# Task
Everything in the listing below should be repeated verbatim, apart from the pictures.

# Given material
BEGIN

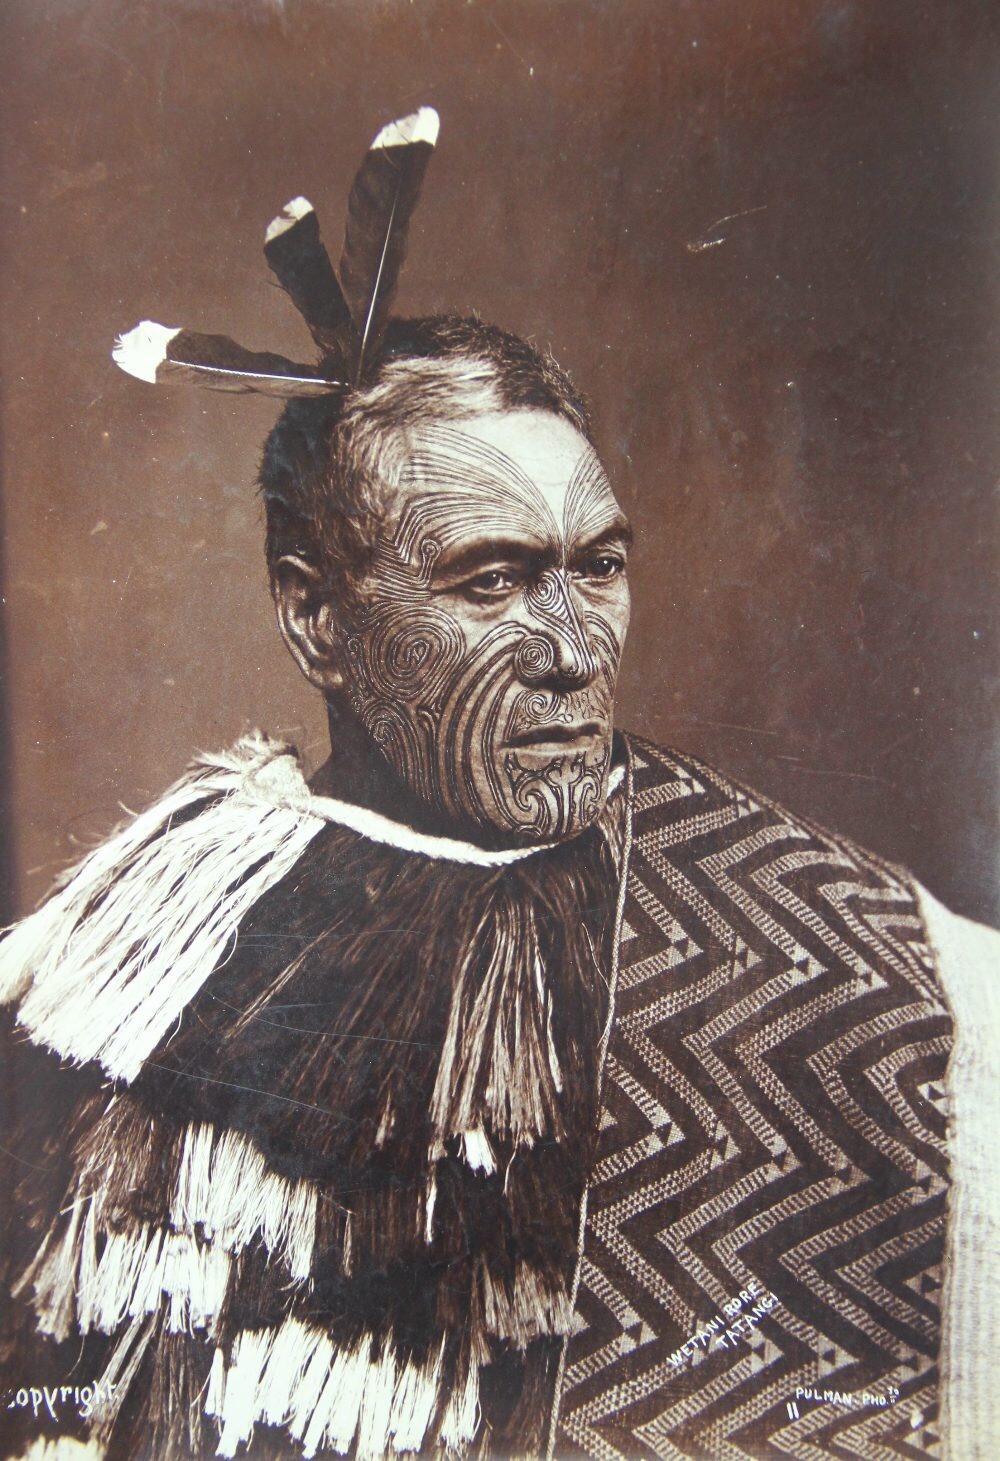 Elizabeth Pulman (1836-1900) - Wetani Rore Tatangi
Albumen photograph. Taken c.1880′s
Pulman is regarded as New Zealand’s first professional female photographer. Note the now extinct huia’s feathers in his hair.
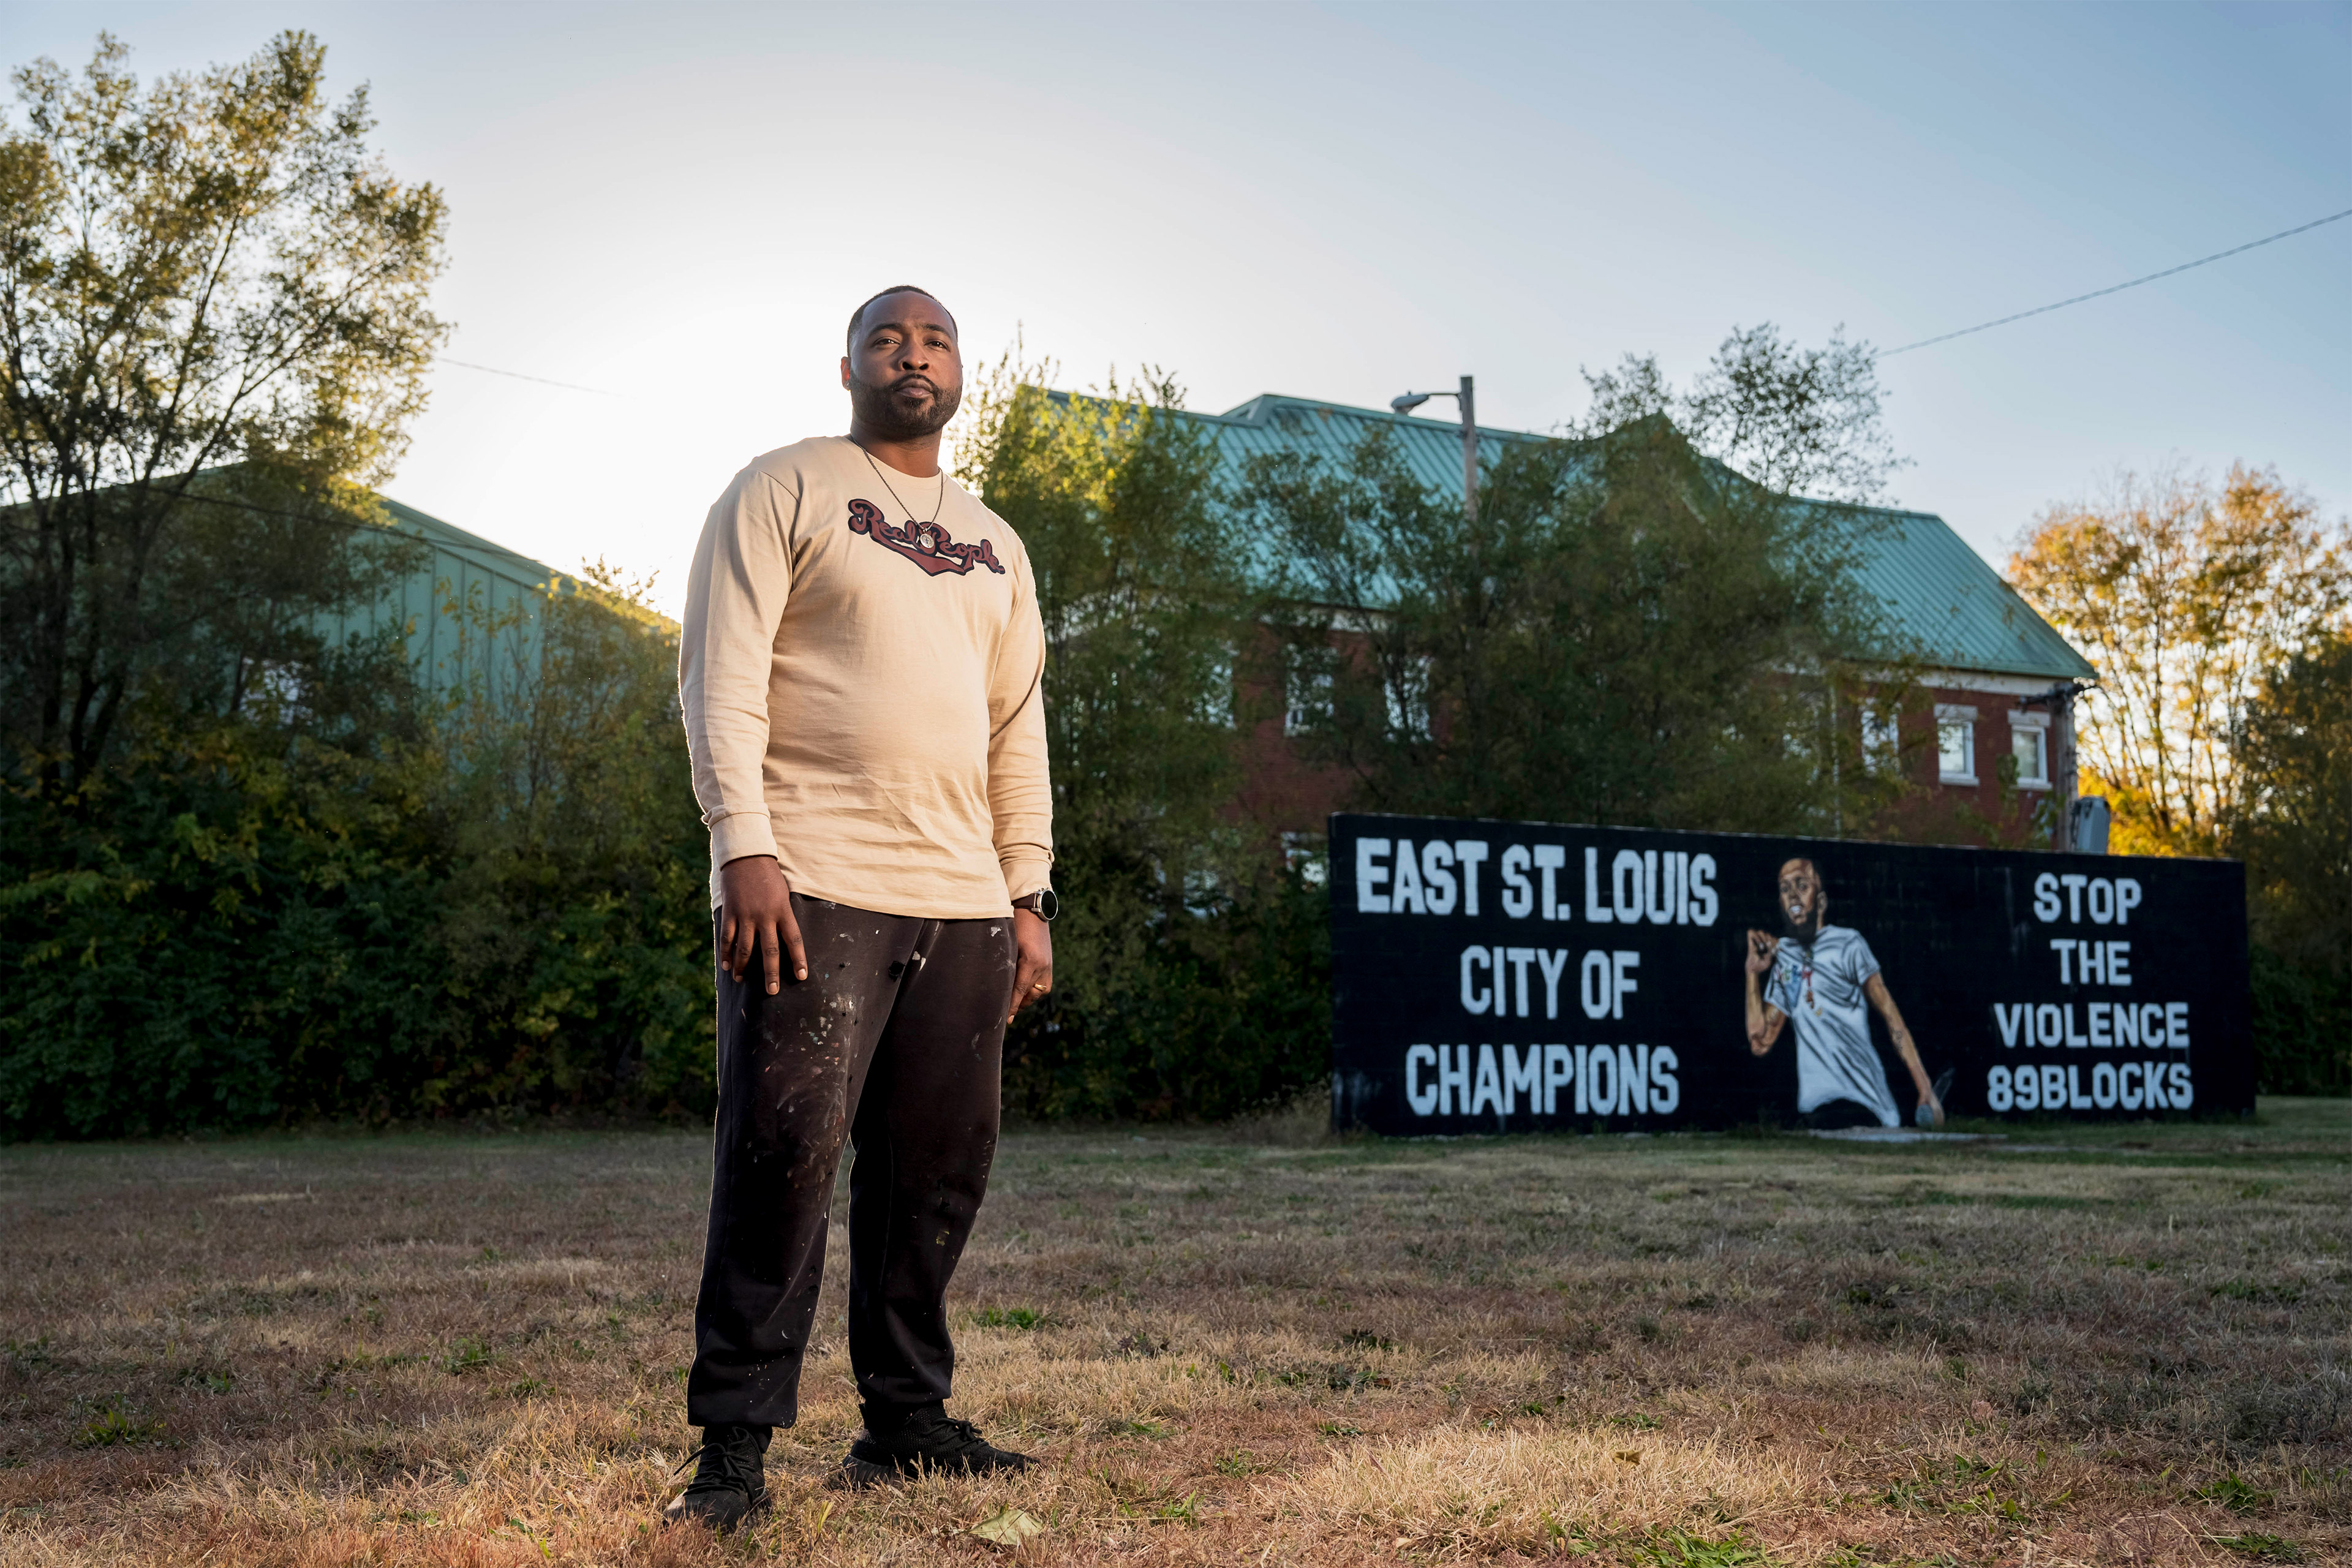 A photo shows Mykael Ash standing outside by a mural he painted of rapper Cedric Gooden. Text on the mural reads, "East St. Louis City of Champions" and "Stop the violence. 89blocks."

END

# Answer section
 Elizabeth Pulman (1836-1900) - Wetani Rore Tatangi
Albumen photograph. Taken c.1880′s
Pulman is regarded as New Zealand’s first professional female photographer. Note the now extinct huia’s feathers in his hair.
 A photo shows Mykael Ash standing outside by a mural he painted of rapper Cedric Gooden. Text on the mural reads, "East St. Louis City of Champions" and "Stop the violence. 89blocks."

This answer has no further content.